Ask HN: 40 Year Old HW(EE) Trying to Pivot into Sw - ultrasounder
I posted this question on the BlindApp the other day and got some interesting responses. Essentially after doing HW( Background is EE with a Masters) work for a decade, getting burnout after working at a very toxic FAANG(one that has a particular reputation here in the valley though they are HQed in Seattle) i am currently working for much less than what I can make unable to score interviews at the likes of Apple or Google for similar roles.  Spoke to a few friends who suggested that I look into pivoting into software.
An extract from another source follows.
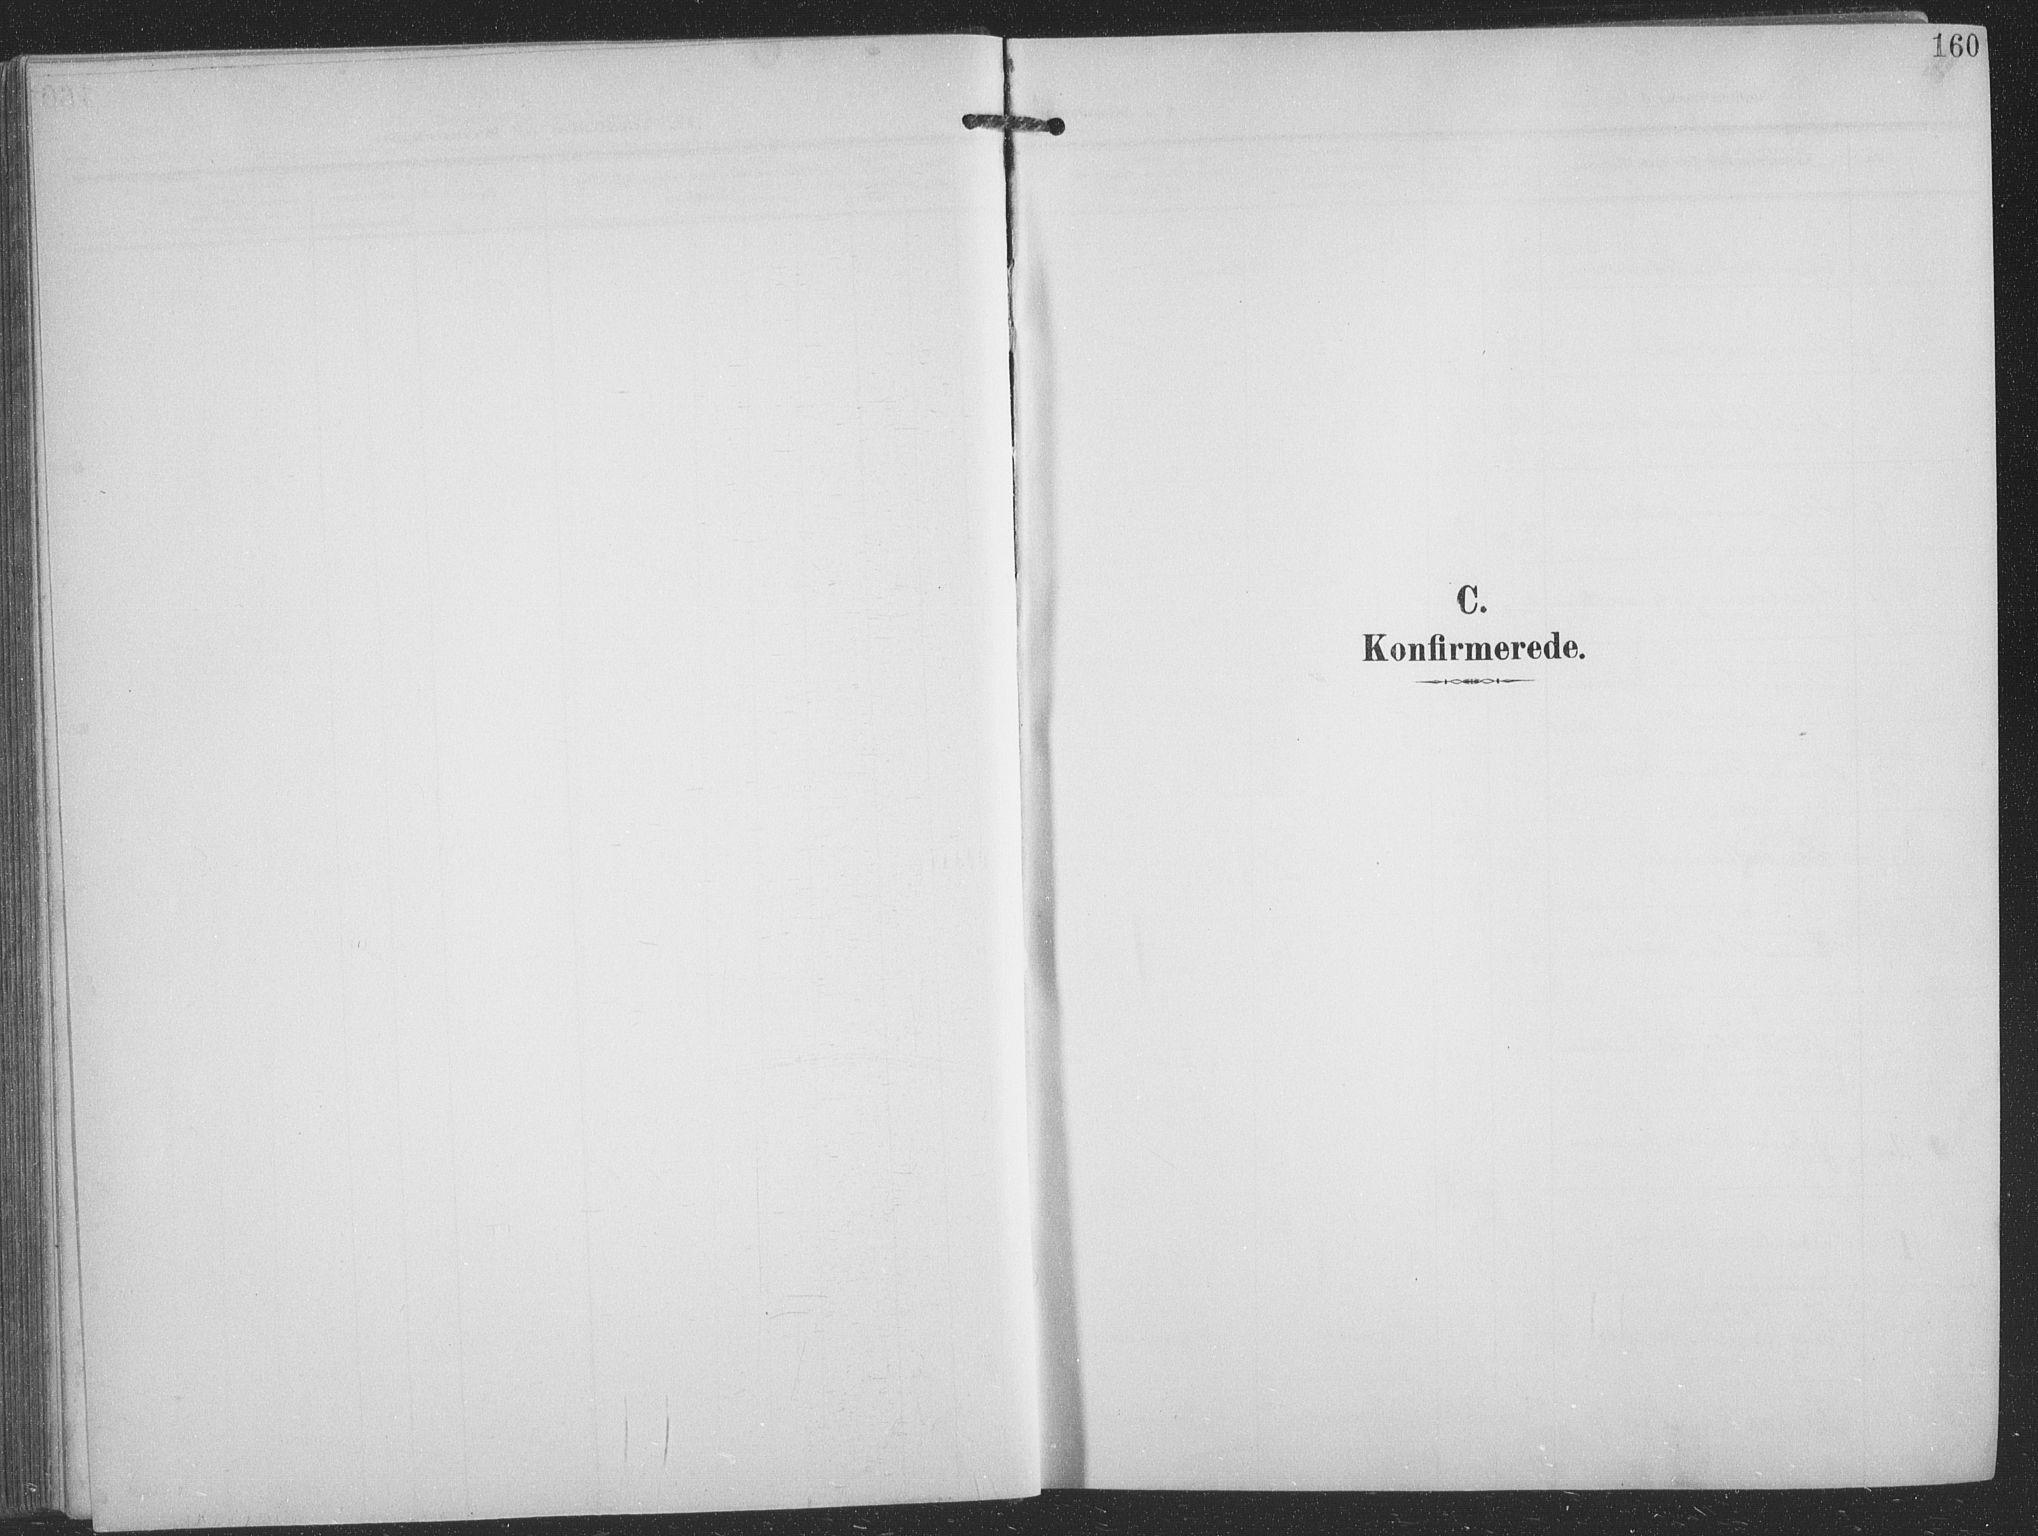 SATØ, Balsfjord sokneprestembete, Klokkerbok nr. 9, 1906-1920, s. 160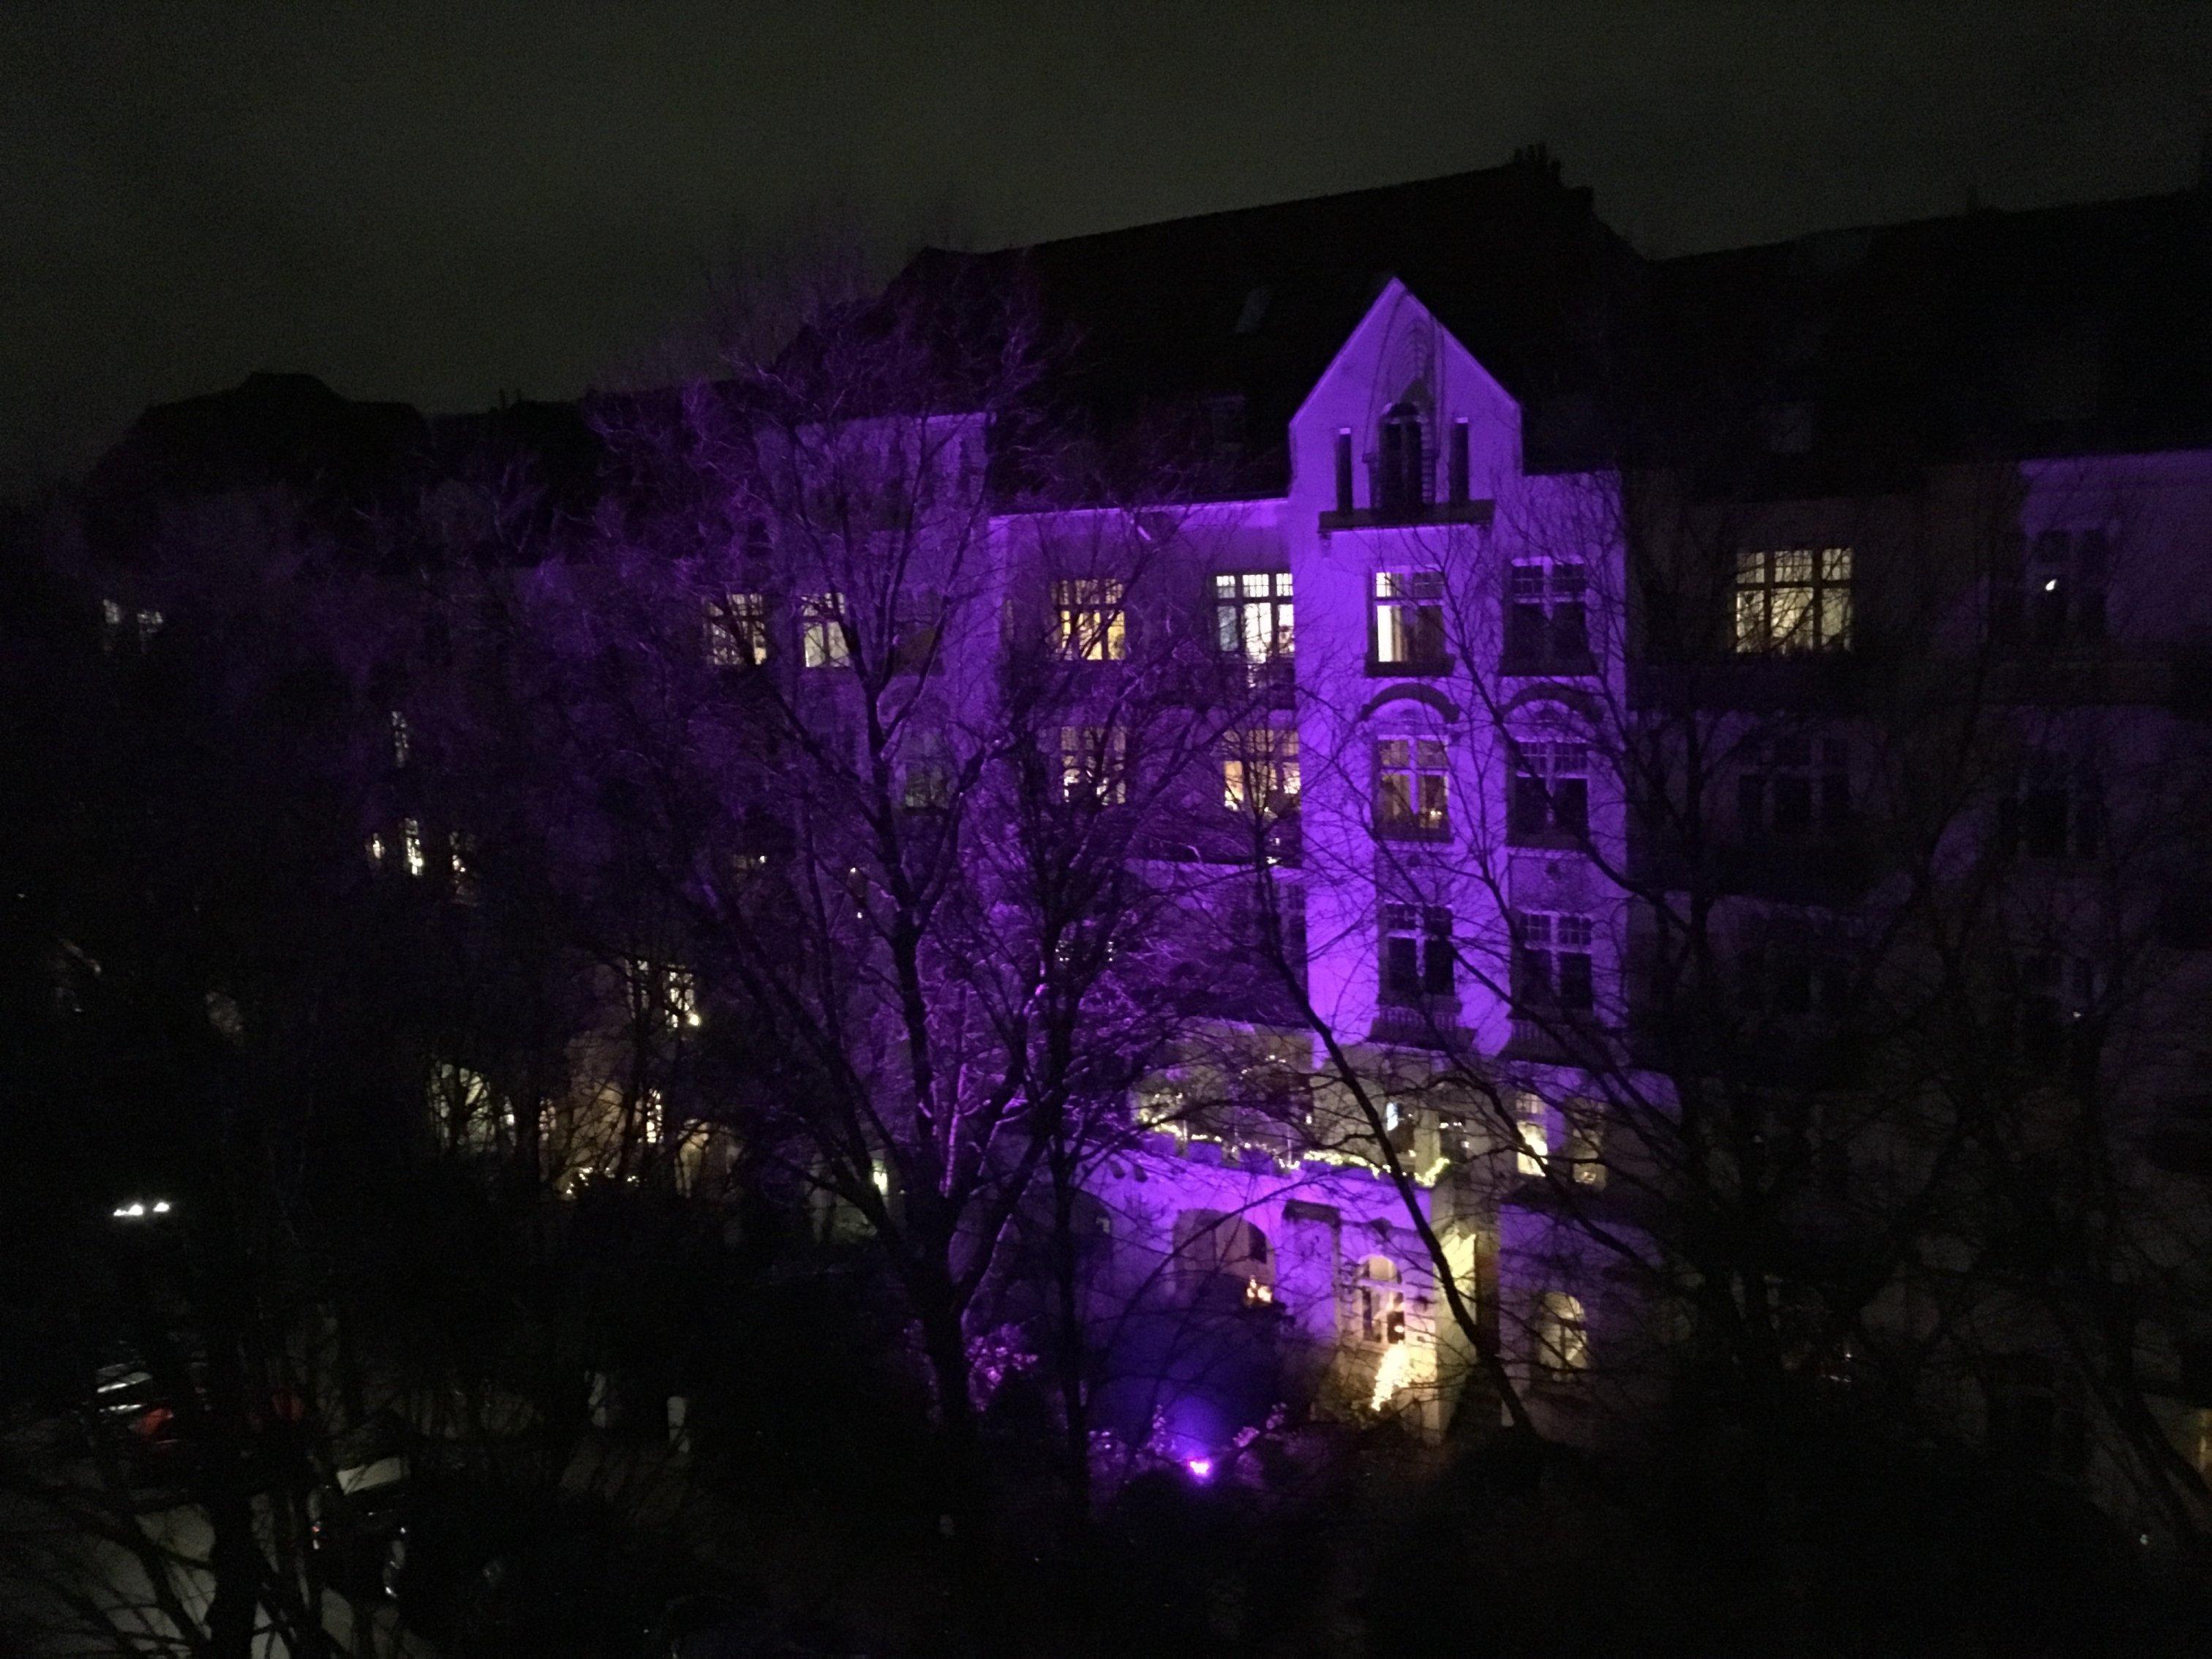 Beginnen wir unseren neuen Fotowettbewerb »Weihnachtliches Wettleuchten« mit einem Positivbeispiel. An diesem Haus in Eimsbüttel blinkt und funkelt nichts, sondern es ruht still und sanft – und gleichzeitig trendig eingefärbt in die Pantone-Farbe 2018, »Ultra-Violet«. Die Nachbarn gegenüber müssen zum Schlafen auch nicht die Fenster verhängen, denn die Beleuchtung wird ausgeschaltet, bevor die noch das erste Mal so richtig gegähnt haben. Vorbildlich!

About a year ago i started with Python just for fun. At that time I couldn&#x27;t code my way out of a brown bag. Fast forward After a year, I am doing a few deeplearning courses on coursera and fast.ai platform able to read and understand non-trivial popular open source python libraries . I even have a Google recruiter badgering me to interview for a SW engineer role. But the thing I keep coming back to is, Am I making the right decision by pivoting to SW. All the talk of ageism in the other thread is not boosting my confidence either. I need to decide right now as I am not getting any younger and if management is the path for the 40s I need to embrace that and move on. Any insights would be much appreciated.
======
dman
I would advise looking at hardware in other FAANG companies. Think hardware is
increasingly a differentiator both on the server side and on the client.
Saying this as someone who builds data analysis tools and has started looking
at what it would take to build accelerators. With Moores law coming to an end
I think we will see a hardware renaissance in the coming years, think you are
very well placed to capitalize on that.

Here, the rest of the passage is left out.